#### [Problem]
In your copy, leave out the pictures; write out all the data exactly.

#### [Data]
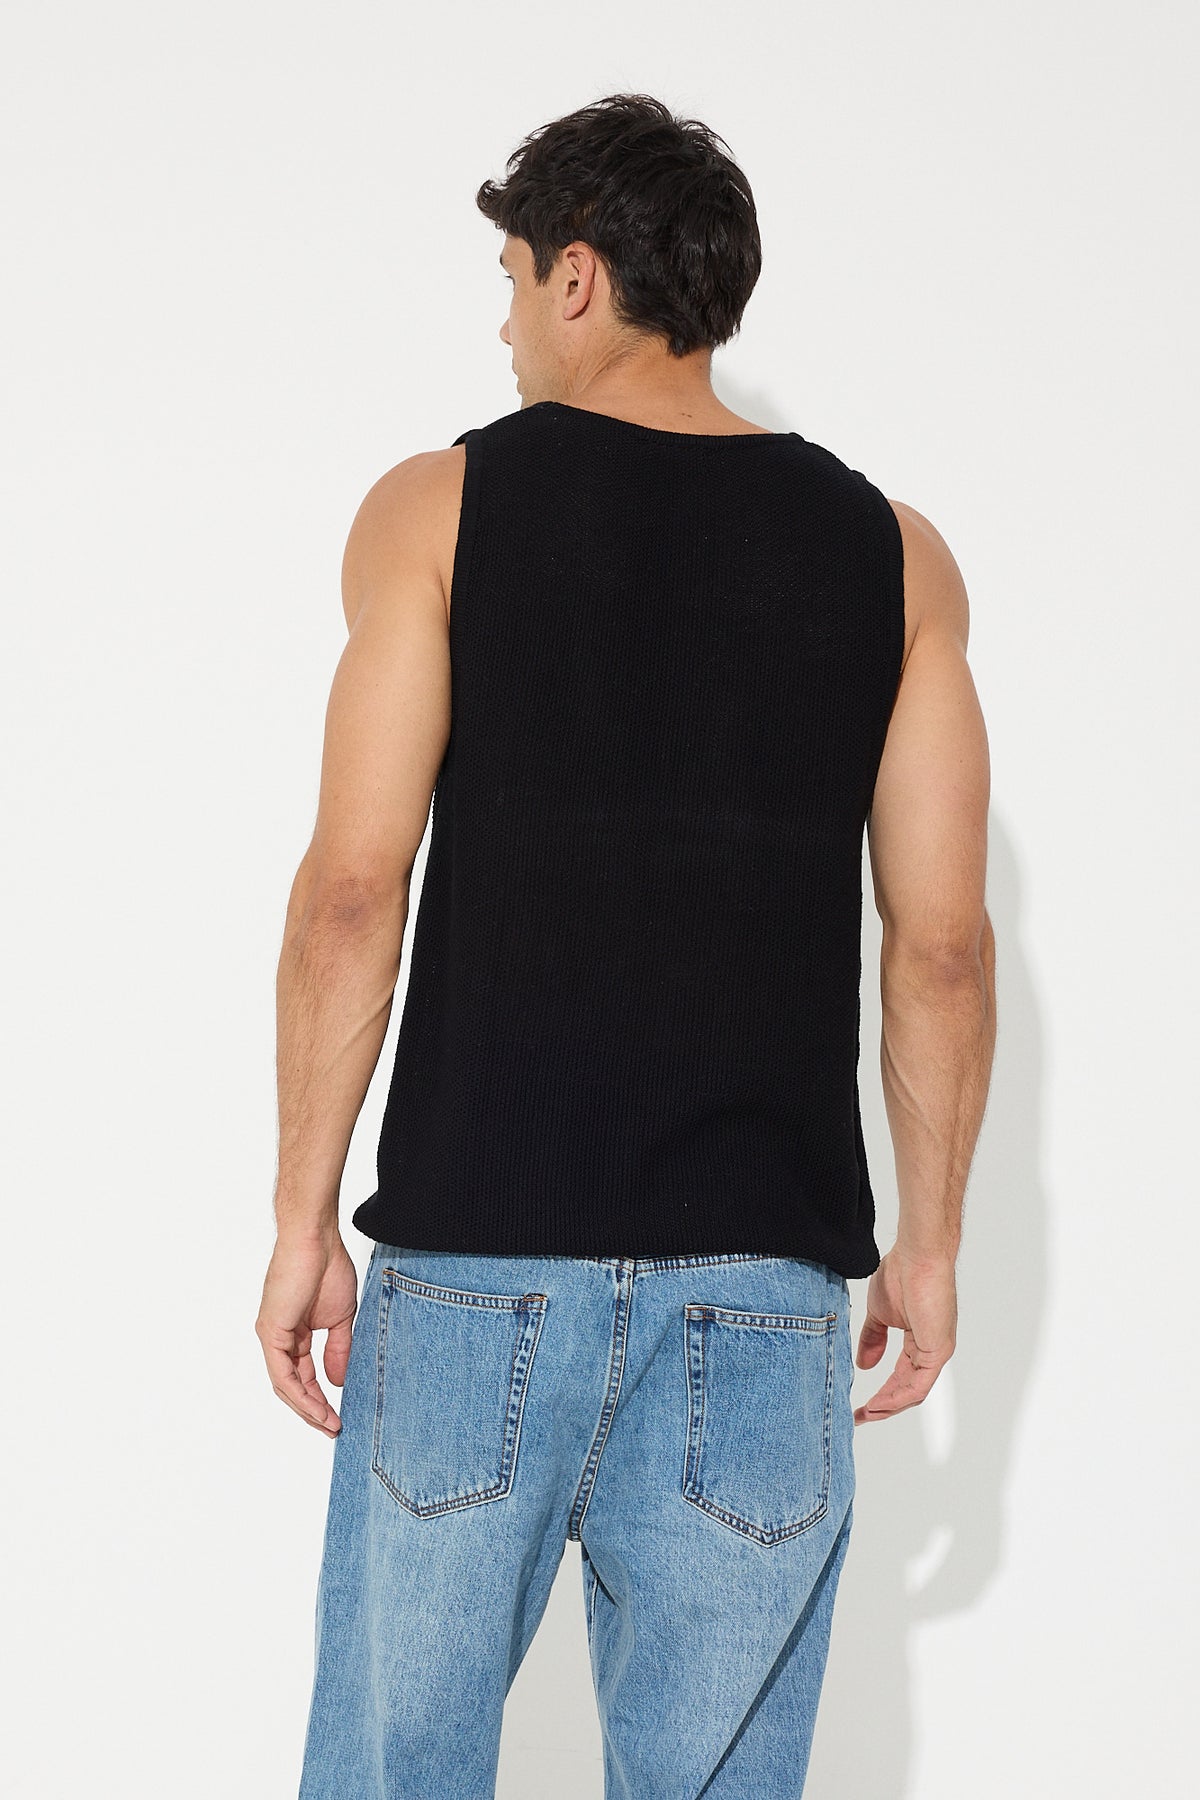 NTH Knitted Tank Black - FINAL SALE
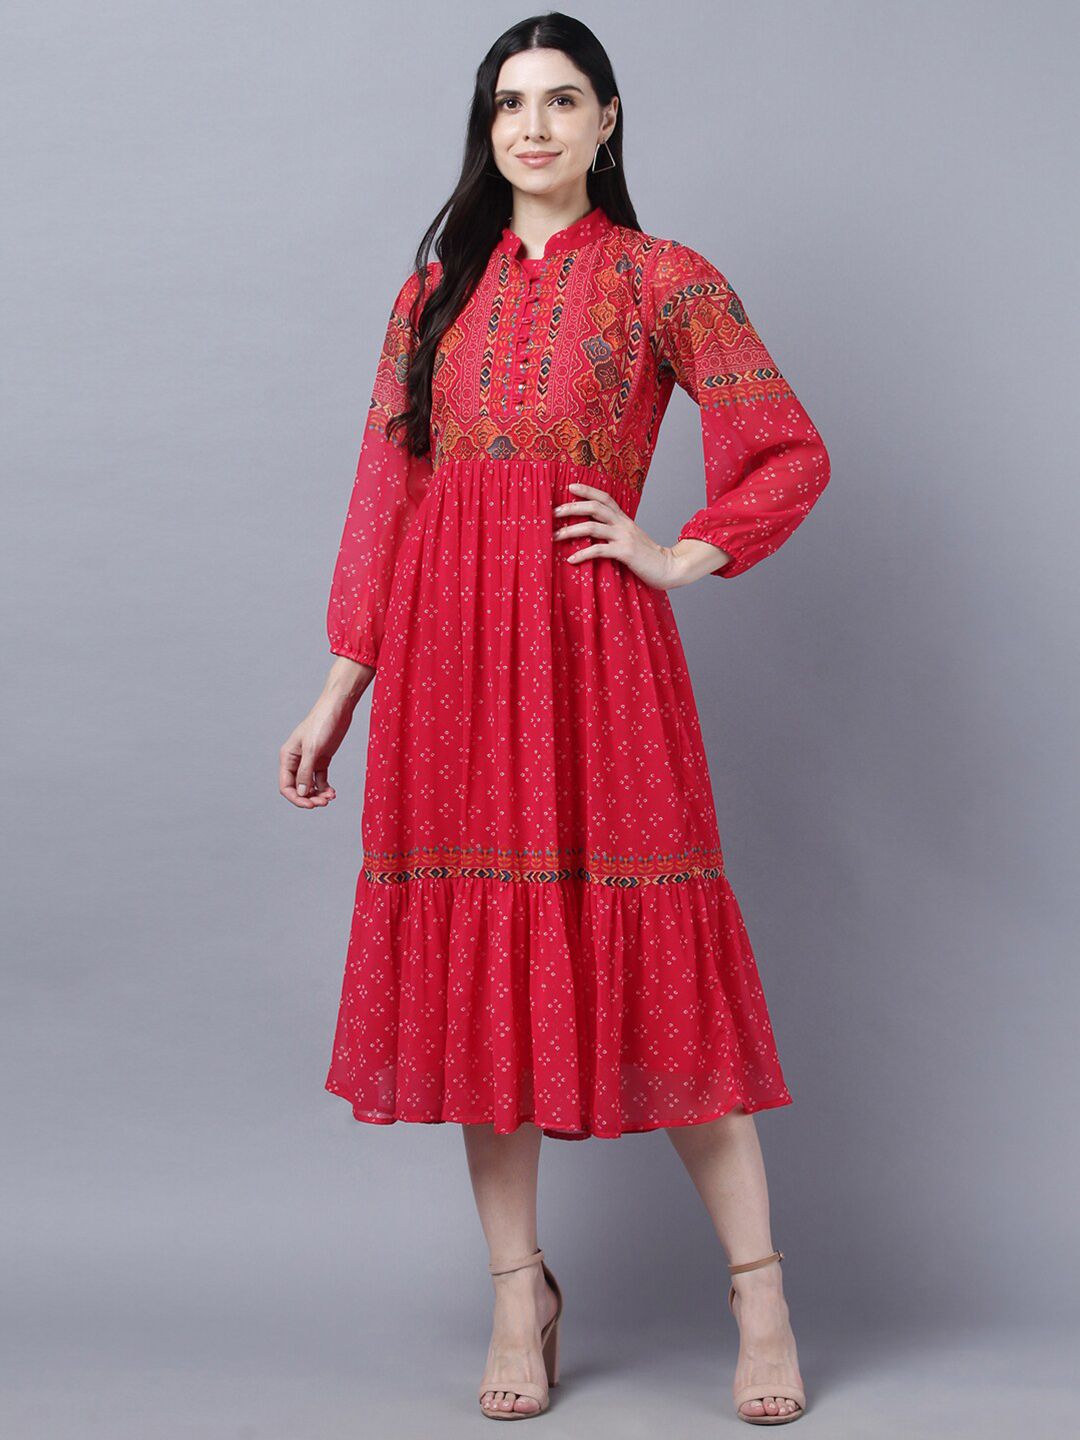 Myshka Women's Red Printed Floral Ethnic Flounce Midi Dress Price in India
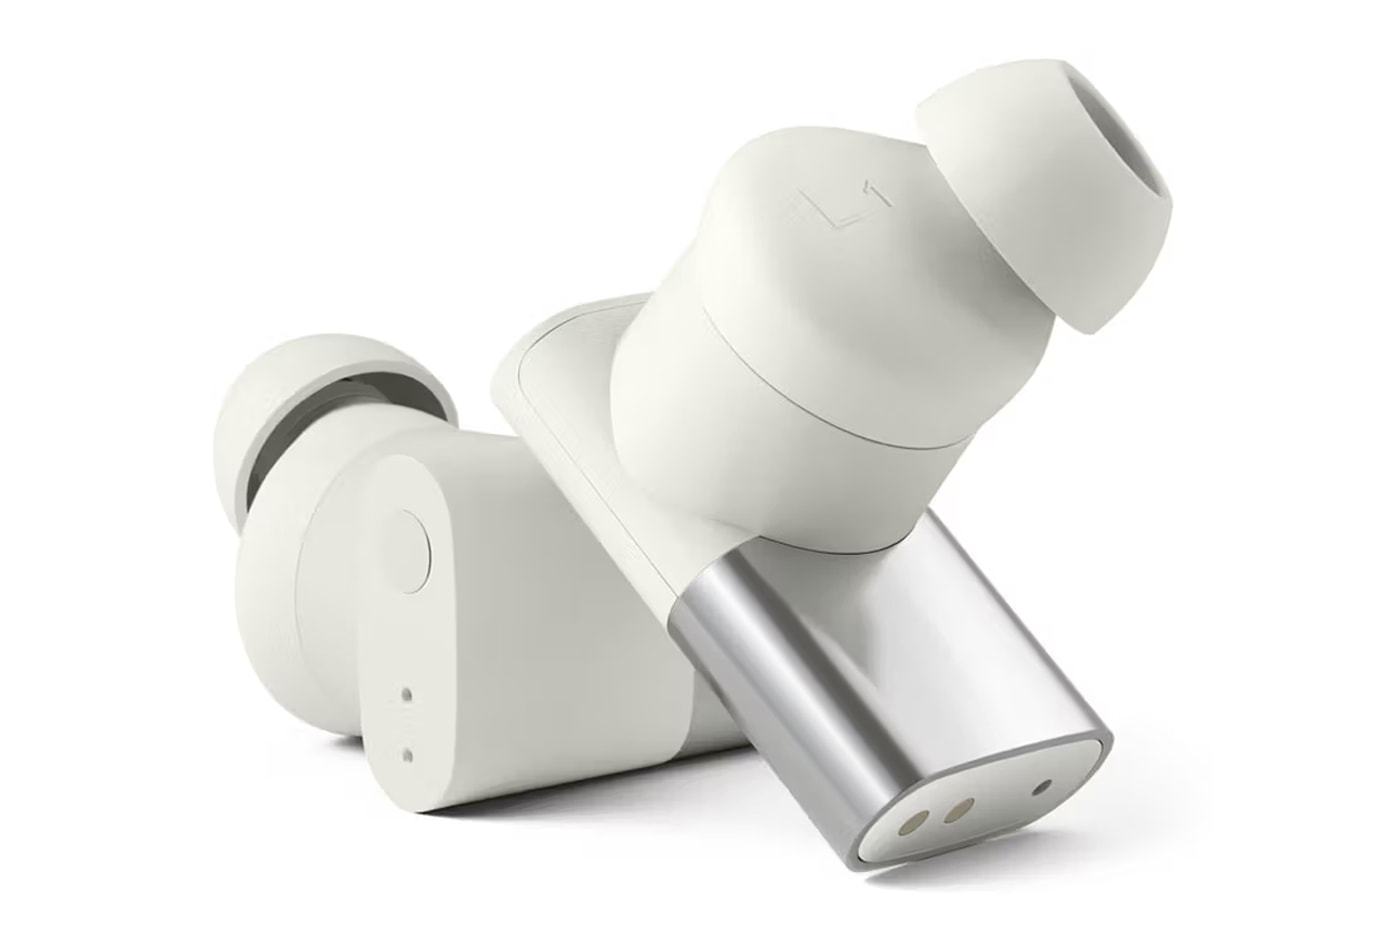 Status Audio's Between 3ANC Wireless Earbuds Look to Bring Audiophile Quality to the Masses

#### [Answer box]
 NTH Knitted Tank Black - FINAL SALE
 Myshka Women's Red Printed Floral Ethnic Flounce Midi Dress Price in India
 Status Audio's Between 3ANC Wireless Earbuds Look to Bring Audiophile Quality to the Masses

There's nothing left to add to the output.